There are multiple factors which can cause the phylogenetic inference process to produce two or more conflicting hypotheses of the evolutionary history of a set X of biological entities. That is: phylogenetic trees with the same set of leaf labels X but with distinct topologies. This leads naturally to the goal of quantifying the difference between two such trees T_1 and T_2. Here we introduce the problem of computing a 'maximum relaxed agreement forest' (MRAF) and use this as a proxy for the dissimilarity of T_1 and T_2, which in this article we assume to be unrooted binary phylogenetic trees. MRAF asks for a partition of the leaf labels X into a minimum number of blocks S_1, S_2, ... S_k such that for each i, the subtrees induced in T_1 and T_2 by S_i are isomorphic up to suppression of degree-2 nodes and taking the labels X into account. Unlike the earlier introduced maximum agreement forest (MAF) model, the subtrees induced by the S_i are allowed to overlap. We prove that it is NP-hard to compute MRAF, by reducing from the problem of partitioning a permutation into a minimum number of monotonic subsequences (PIMS). Furthermore, we show that MRAF has a polynomial time O(log n)-approximation algorithm where n=|X| and permits exact algorithms with single-exponential running time. When at least one of the two input trees has a caterpillar topology, we prove that testing whether a MRAF has size at most k can be answered in polynomial time when k is fixed. We also note that on two caterpillars the approximability of MRAF is related to that of PIMS. Finally, we establish a number of bounds on MRAF, compare its behaviour to MAF both in theory and in an experimental setting and discuss a number of open problems.

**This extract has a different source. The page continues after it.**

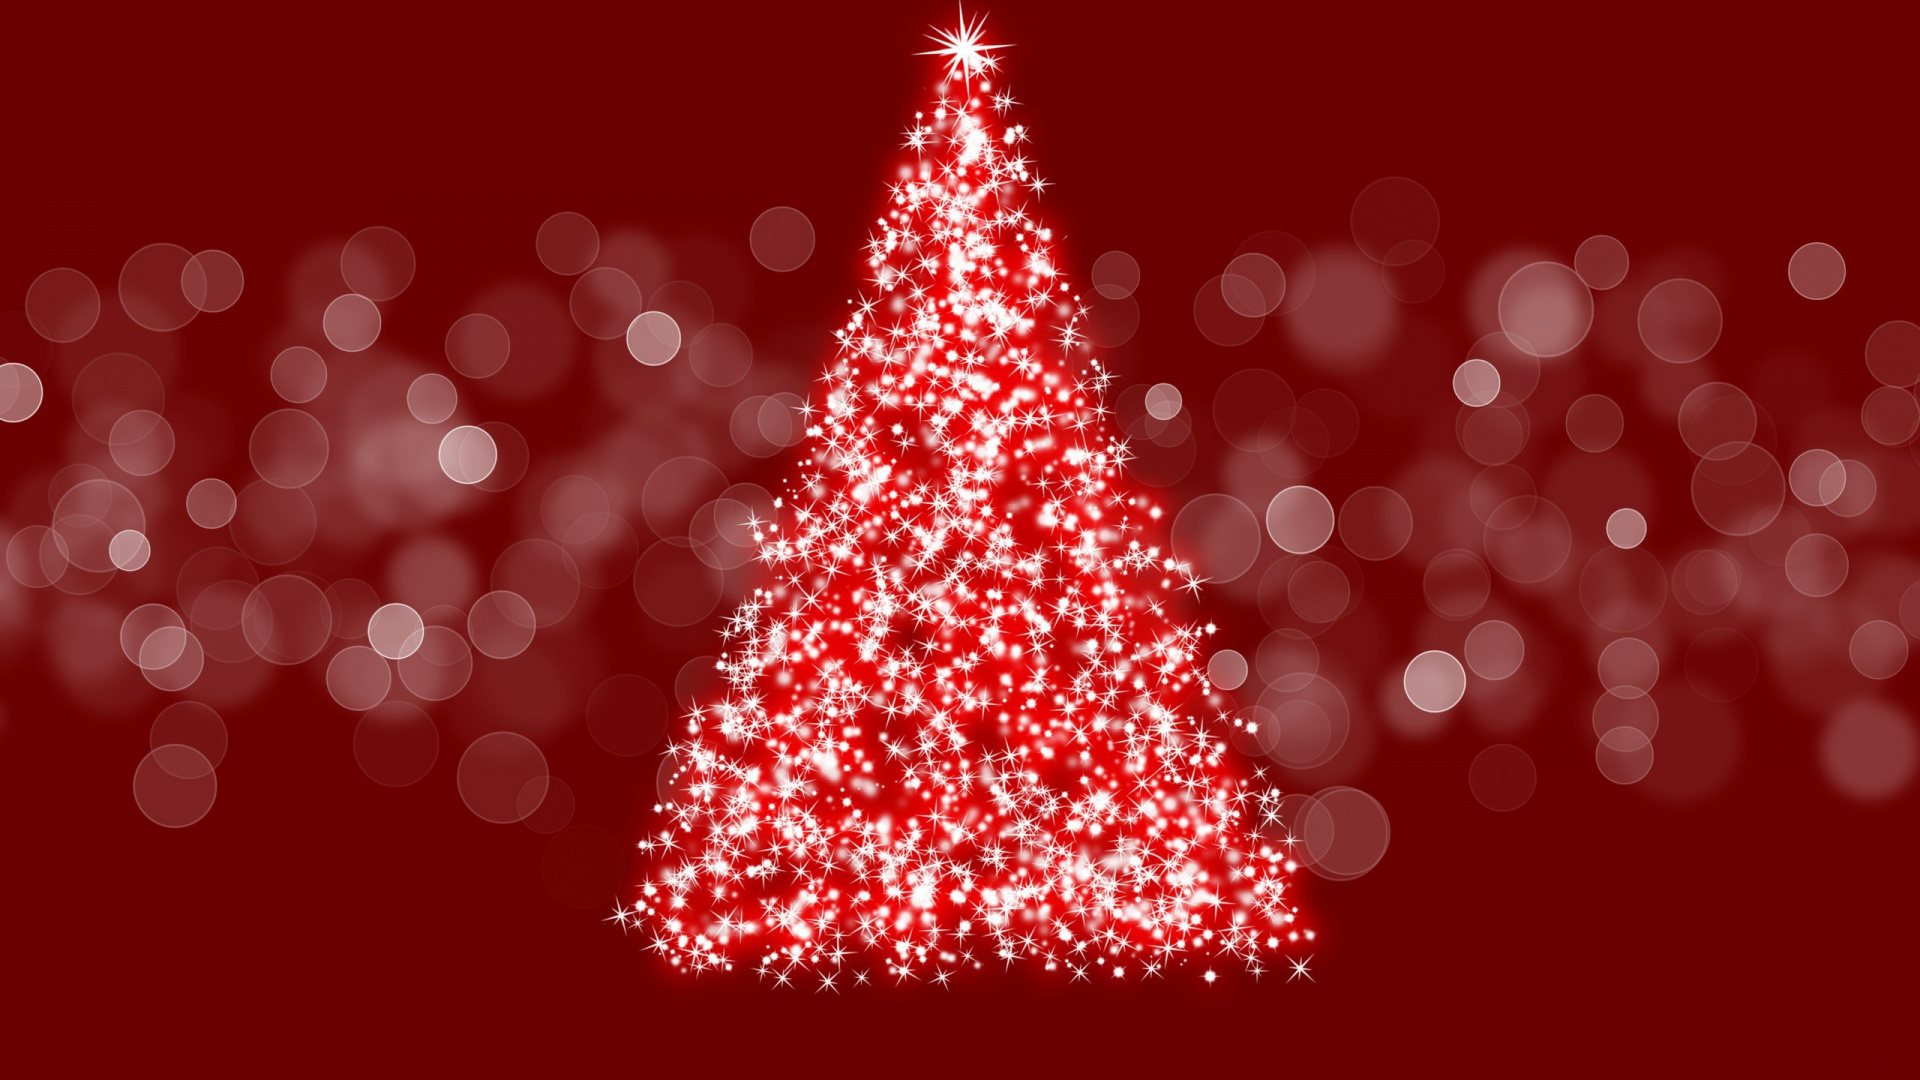 Weihnachten, Weihnachtsbaum, Weihnachtsdekoration, Baum, Christmas Ornament. Wallpaper in 1920x1080 Resolution

翻译：有多种因素可导致系统发育推断过程对生物实体集合X产生两个或更多关于其进化历史的冲突假设。即：具有相同叶标签集合X但拓扑结构不同的系统发育树。这自然引出了量化两棵此类树T_1和T_2之间差异的目标。本文提出了计算"最大松弛一致森林"（MRAF）的问题，并将其用作T_1和T_2不相似性的代理指标——本文假设这两棵树均为无根二叉系统发育树。MRAF要求将叶标签集合X划分为最少数量的块S_1, S_2, ... S_k，使得对于每个i，由S_i在T_1和T_2中诱导的子树在抑制度数为2的节点并考虑标签X的意义下同构。与早期提出的最大一致森林（MAF）模型不同，由S_i诱导的子树允许重叠。我们通过将排列划分为最少单调子序列问题（PIMS）归约，证明了计算MRAF是NP困难的。进一步，我们证明MRAF具有多项式时间的O(log n)-近似算法（其中n=|X|），并允许单指数运行时间的精确算法。当至少一棵输入树具有毛毛虫拓扑结构时，我们证明当k固定时，判定MRAF规模是否不超过k的问题可在多项式时间内解决。我们还指出，在两棵毛毛虫树上，MRAF的近似性与PIMS的近似性存在关联。最后，我们建立了MRAF的多个边界，在理论和实验环境下比较了其与MAF的行为差异，并讨论了若干开放问题。